Stock knock tables are aggressive, so I could relax them if it is false.
I think my way forward is to spend another few revisions seeing if timing/fuel can reduce the knock at all, and if not, spike my fuel with a jug of xylene to bump the octane rating and see if the knock goes away.
I've done a few things though.
I checked and adjusted my front toe because even though I had the car aligned a few years ago but I still get terrible toe wear. Measuring tape showed a 1/2" difference between front and back of the tire, measured at ~4:00 and ~8:00 on the tire.
I evened it out and now the car doesn't seem to want to fling me into a ditch on the highway.
I picked up a spare hood to modify - Trying to cut an airway around the rear of the hood seal to vent some air without a big jesus hole in the hood, and didn't want to ruin the stock hood to try things out.
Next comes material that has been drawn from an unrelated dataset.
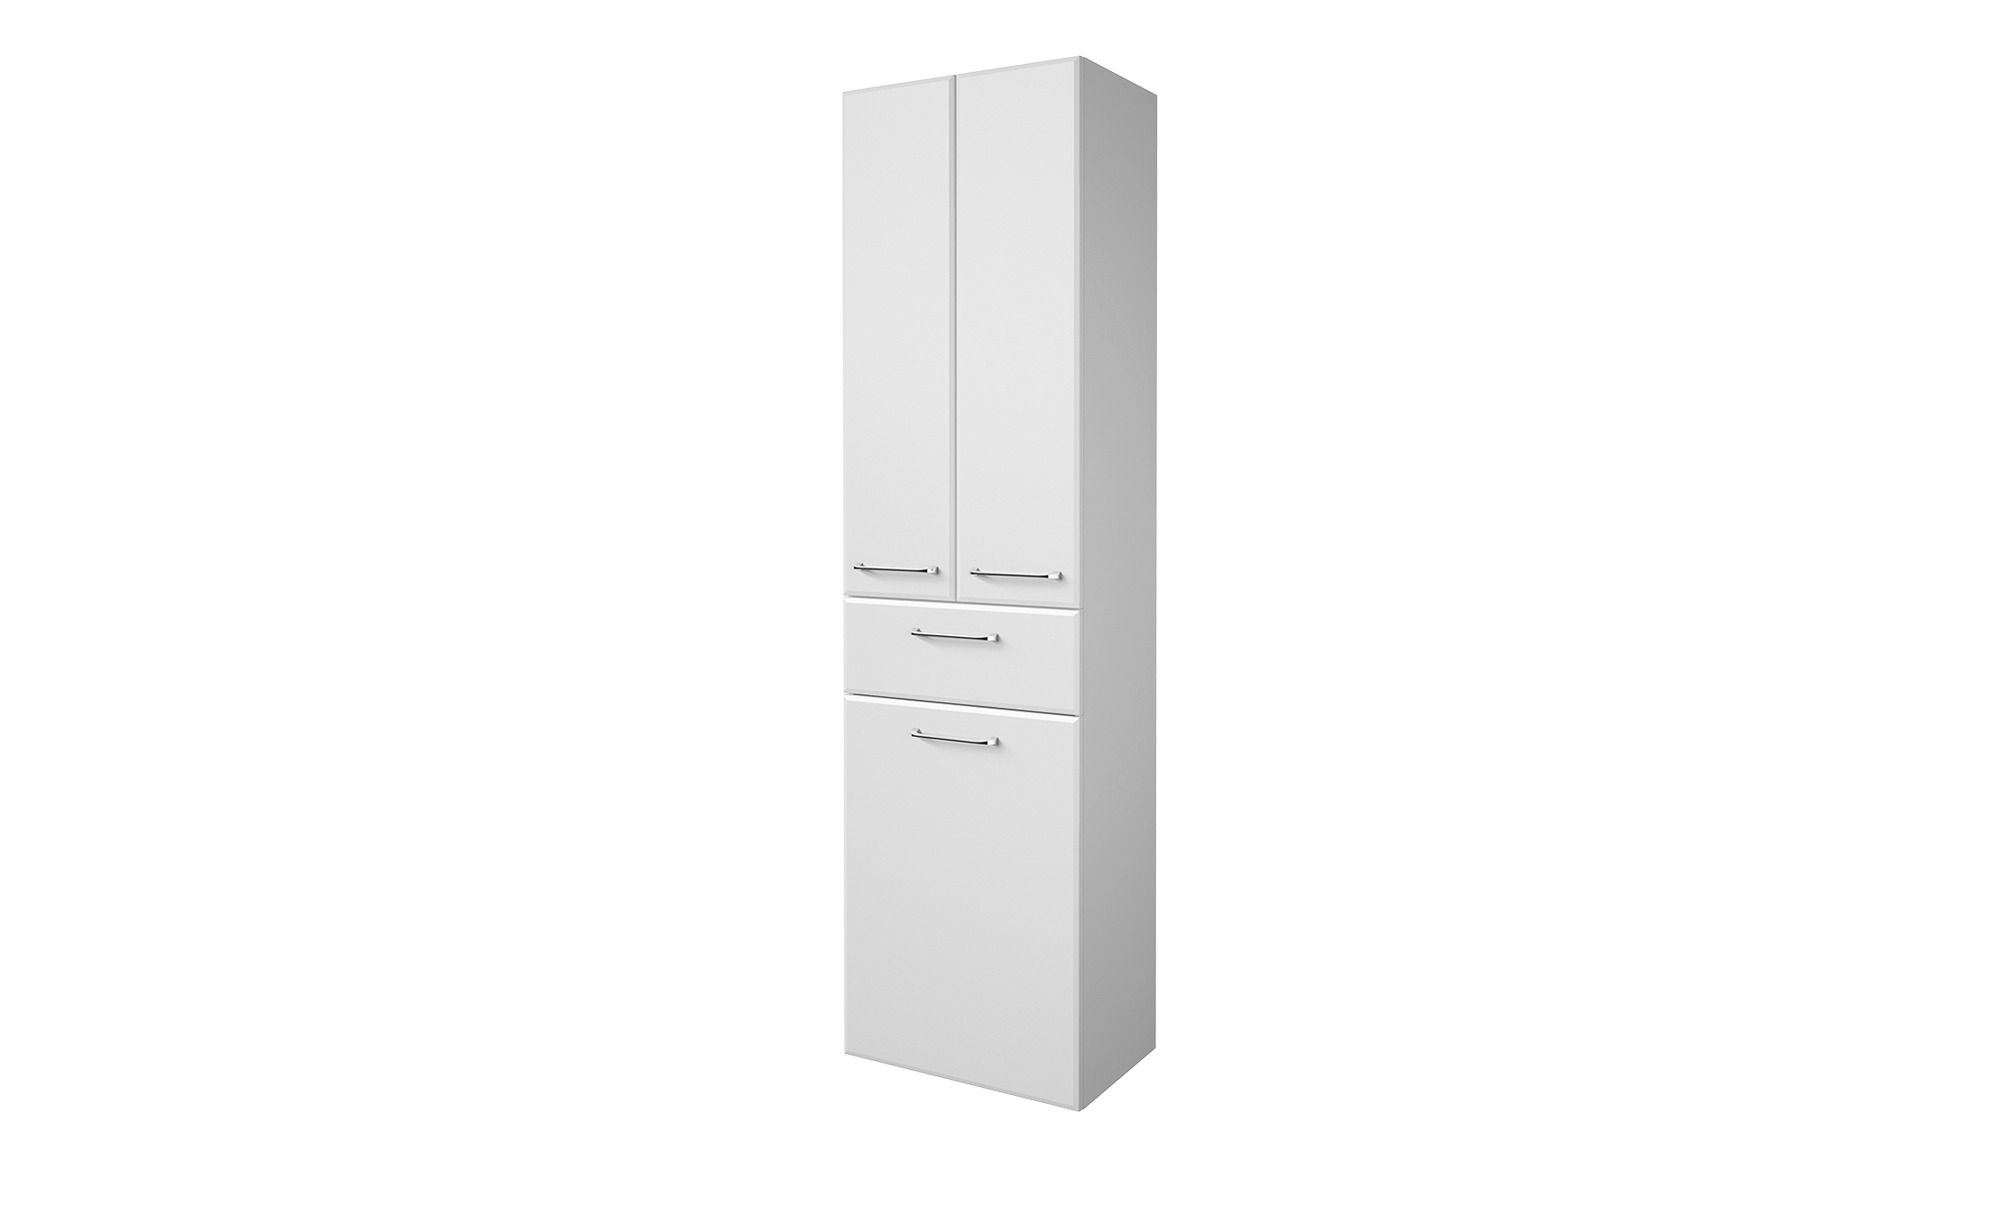 Eitelkeit Hochschränke Bad Dekoration Von Smart Bad-hochschrank 2-türig Onda Jetzt Bestellen Unter:

It's probably likely that there's a high pressure region in front of the windscreen, but I hope that if I keep the cuts close enough to the corners, air will exit. Might tape some streamers on here and go for a drive to see how it looks.
I wanted to install a MAP, and there's already a port on the plastic adapter of the turkey neck on the M50 manifold, so all the intake side came off and I reopened that hole for a GM 3 BAR MAP sensor. The first sensor I bought from amazon was super fake, didn't read right, broke apart when I tried to remove the hose, and the connector was trash so I eventually bought a genuine Delphi unit from rockauto.
I'm still plagued with this trash weatherpack connector and its limp dick pins... Oh, and the bayonet on the connector that came with the knockoff MAP was wrong, so it didn't even plug into the genuine one. Should've just bought a bosch sensor from the start, but I'm invested in this one now...
Initial mounting idea - it didn't stay this way.
When I cleaned up this longblock, I turned the engine upside down and scrubbed out the ports with a brush. 5 years later they're still clean. Only ran the CCV setup for a year before I went to an atmosphere vent for the turbo setup though.
Added two pins back to the ecu for signal and GND. It was like 45 deg in the car because of the heatwave we had, I've never been so hot in my life.
Same day I did the MAP install, I also rewrapped my downpipe with 50' of titanium lava wrap to try to reduce underhood temps. Wrapped the downpipe with ~15' of it.
Swapped Wastegate spring again to 7.25lb to see if I could lower my boost spike.
I swapped to NGK BKR7E plugs (one step colder than the BKR6E). I think I gapped them to 0.025"
All original Bremi coilpacks still kicking.
Old plugs, not sure how to "read" plugs but if you want to drop the knowledge, go for it. (sorry for not cropping these, flickr refuses to edit them without mirroring and stretching the hell out of them)
Polished the heat shield a bit because it was getting nasty
I replaced the batteries on my SI board. Took forever to get the batteries because they came from Norway, but it was easy to desolder/resolder.
Of course, while I was in there, I wanted to get fancy. I tried to integrate a wideband gauge into my cluster where the check light goes, so I ordered the APSX G1 to retrofit (a la Eurogarage's youtube video) but I didn't understand that it takes a serial input instead of 0-5V analog like any other gauge. I spent two days mucking about with an arduino and still couldn't get it to work.
Plenty of information out there on what specific signal it supposedly wants, but it refused to work with anything I fed it. Probably going to just gut my LC-1 gauge like I planned in the beginning.
Some sort of error that they don't bother mentioning in their manuals. Likely just "ready but no signal"
Updated to a new version of MS41.3, should have faster logging and should let me use aldldroid to log with my phone.
Still having knock issues, Still likely fuel/compression ratio related. Maybe carbon buildup. Maybe false knock from engine mounts or something loose.
Stock knock tables are aggressive, so I could relax them if it is false.
I think my way forward is to spend another few revisions seeing if timing/fuel can reduce the knock at all, and if not, spike my fuel with a jug of xylene to bump the octane rating and see if the knock goes away.